**DATA TO USE:**
---+---

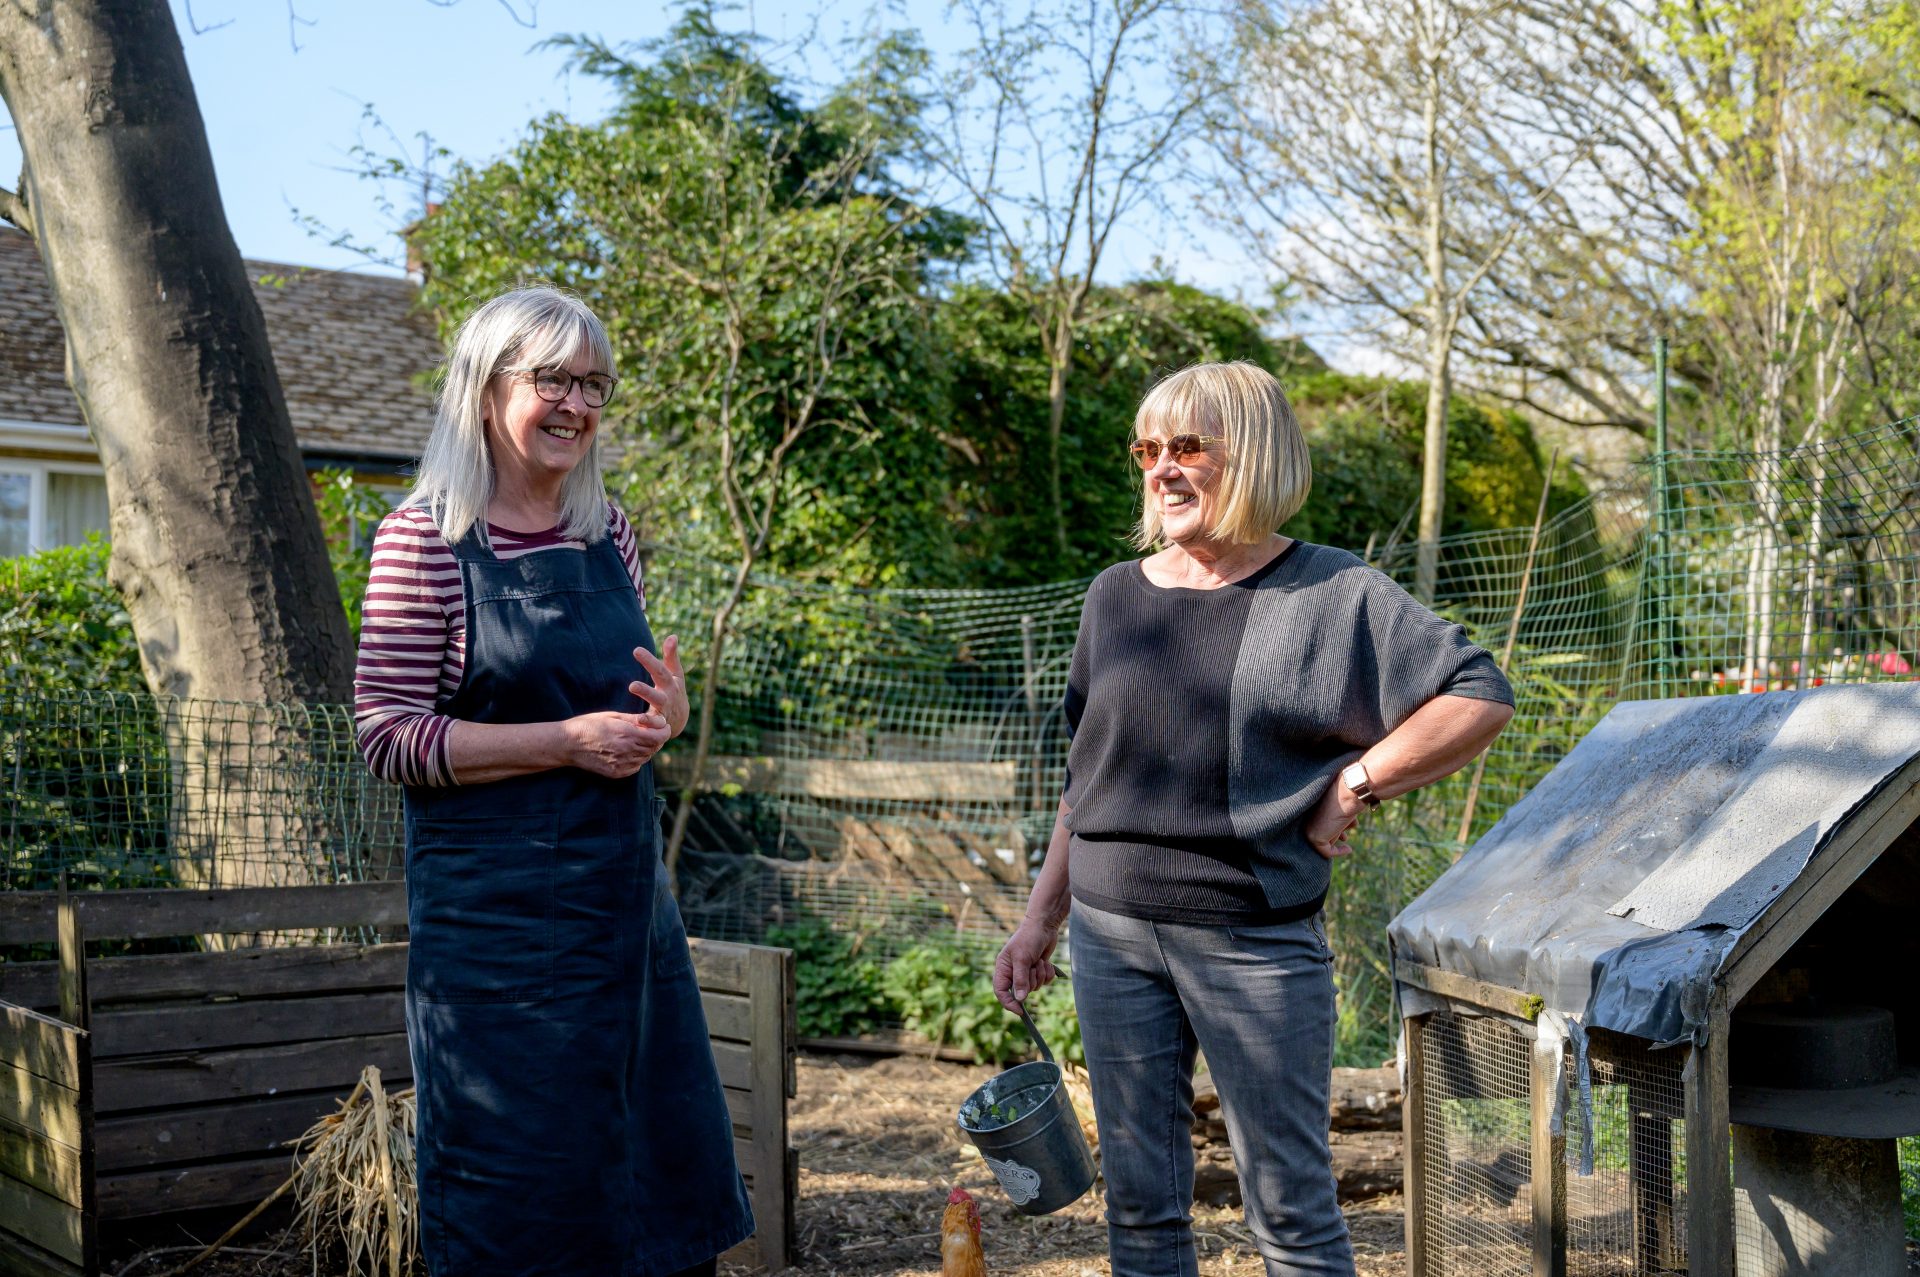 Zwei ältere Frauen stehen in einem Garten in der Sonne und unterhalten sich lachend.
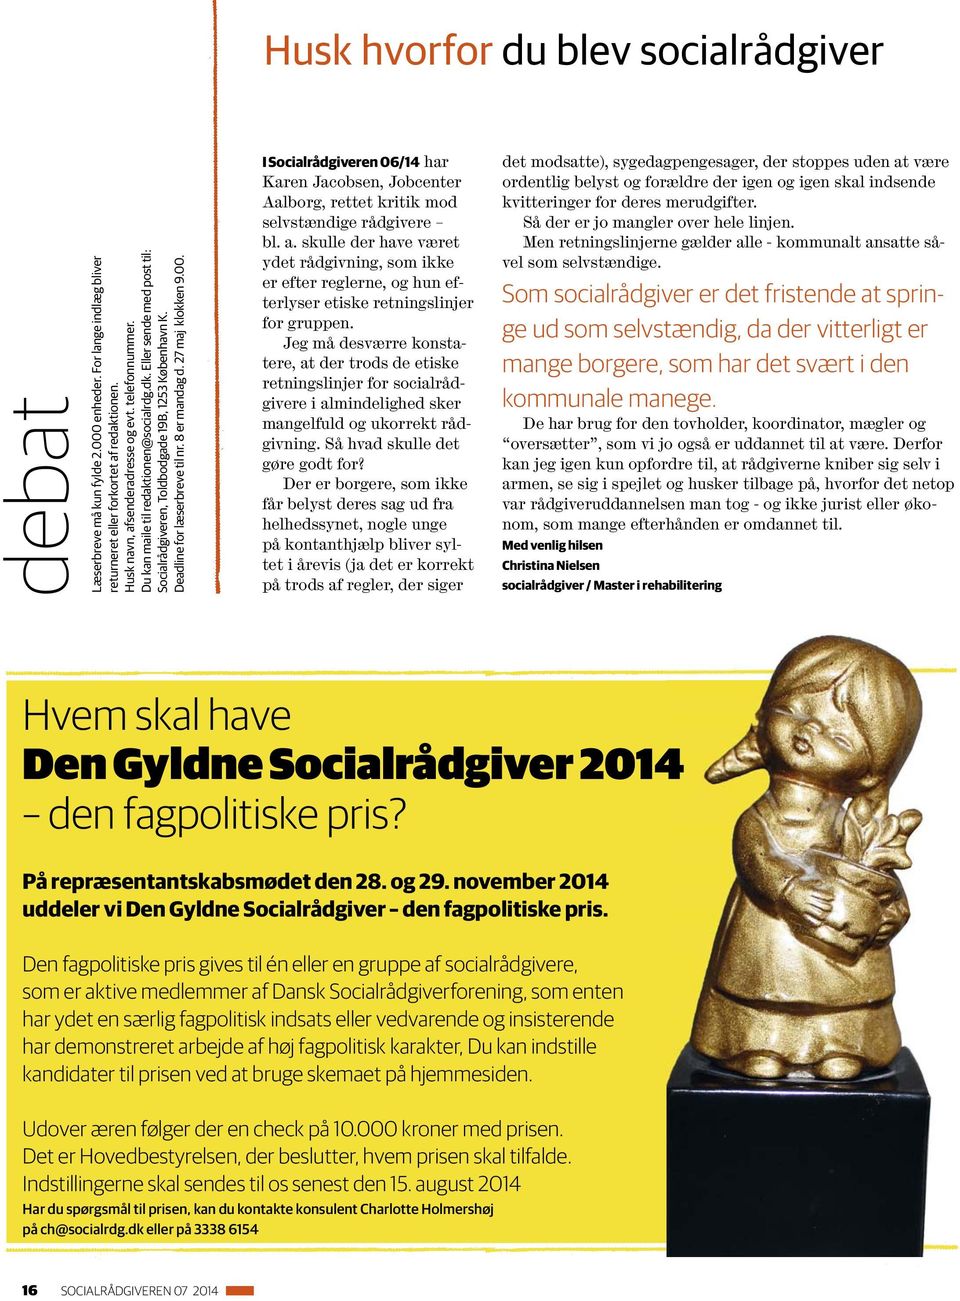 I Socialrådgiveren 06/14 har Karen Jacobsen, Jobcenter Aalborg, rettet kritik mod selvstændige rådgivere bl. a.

---+---

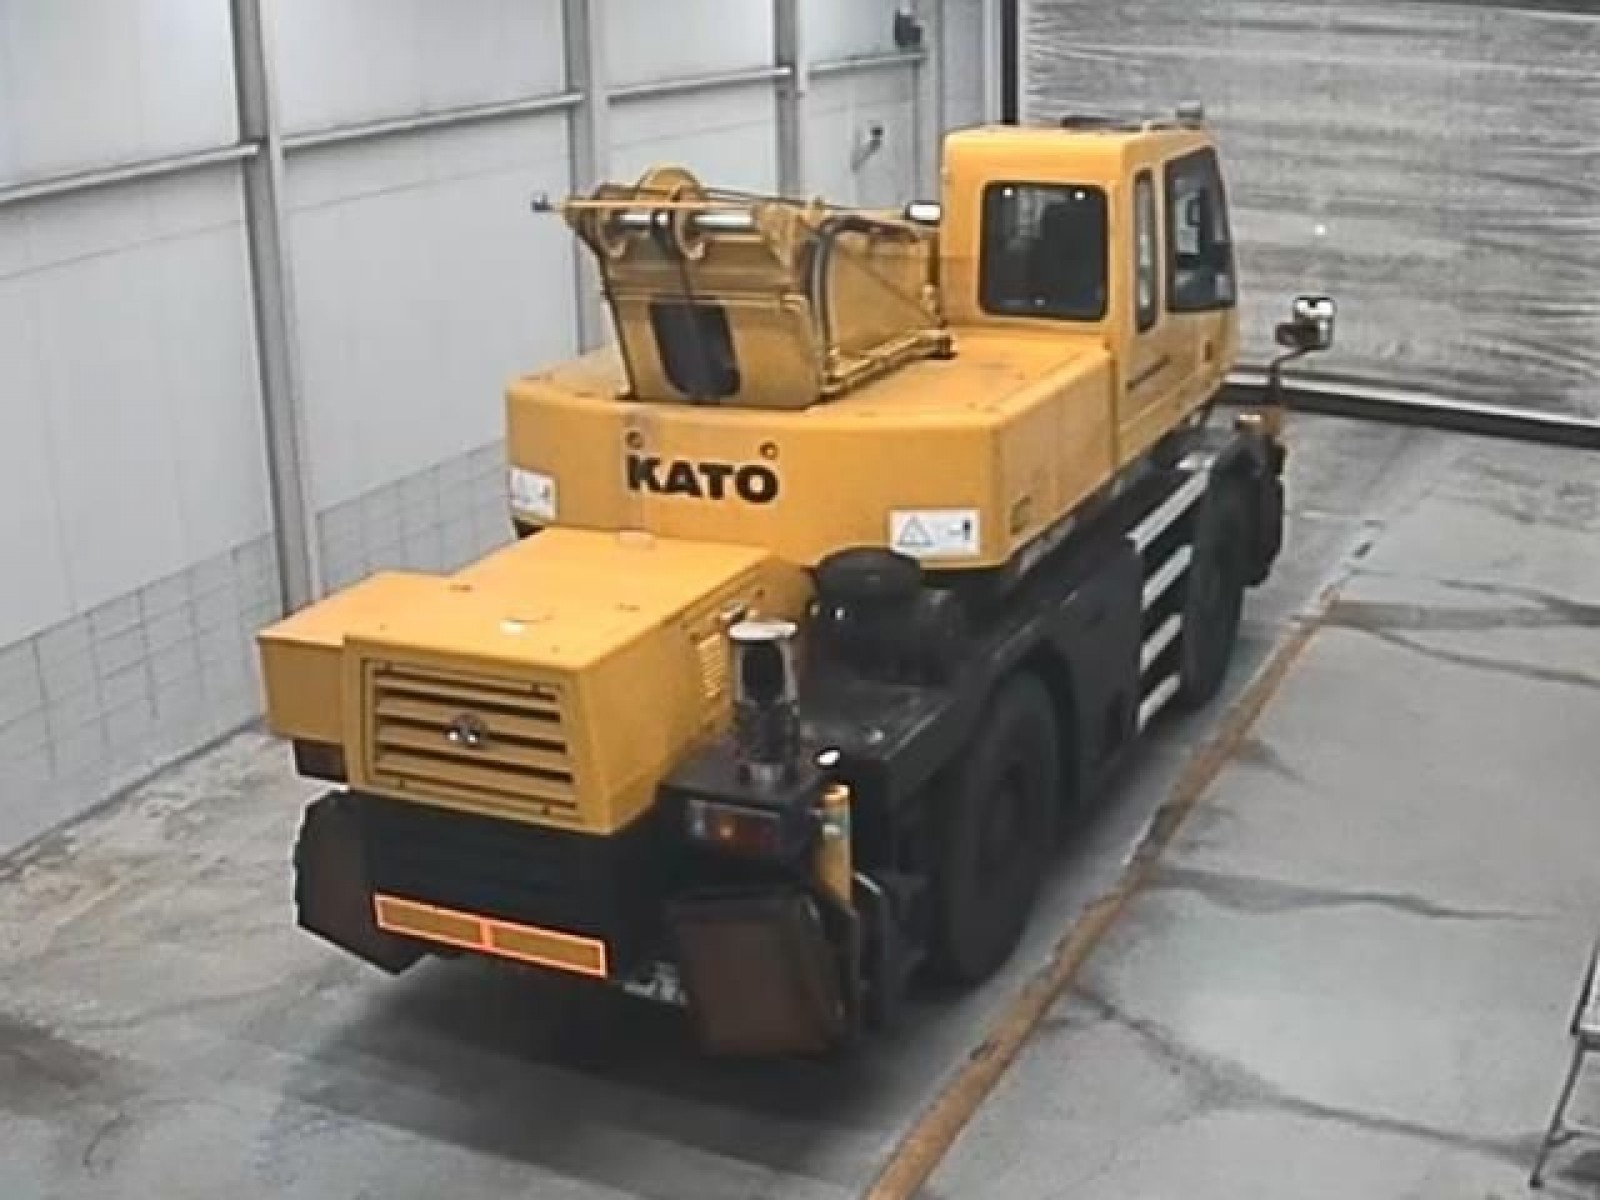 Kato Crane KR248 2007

---+---

**BRIEF:**
Copy nothing but the lines above that run from the one with "Zwei ältere Frauen" to the one with "I Socialrådgiveren 06/14", ends included; pictures stay out.

**FINISHED TASK:**
 Zwei ältere Frauen stehen in einem Garten in der Sonne und unterhalten sich lachend.
 I Socialrådgiveren 06/14 har Karen Jacobsen, Jobcenter Aalborg, rettet kritik mod selvstændige rådgivere bl. a.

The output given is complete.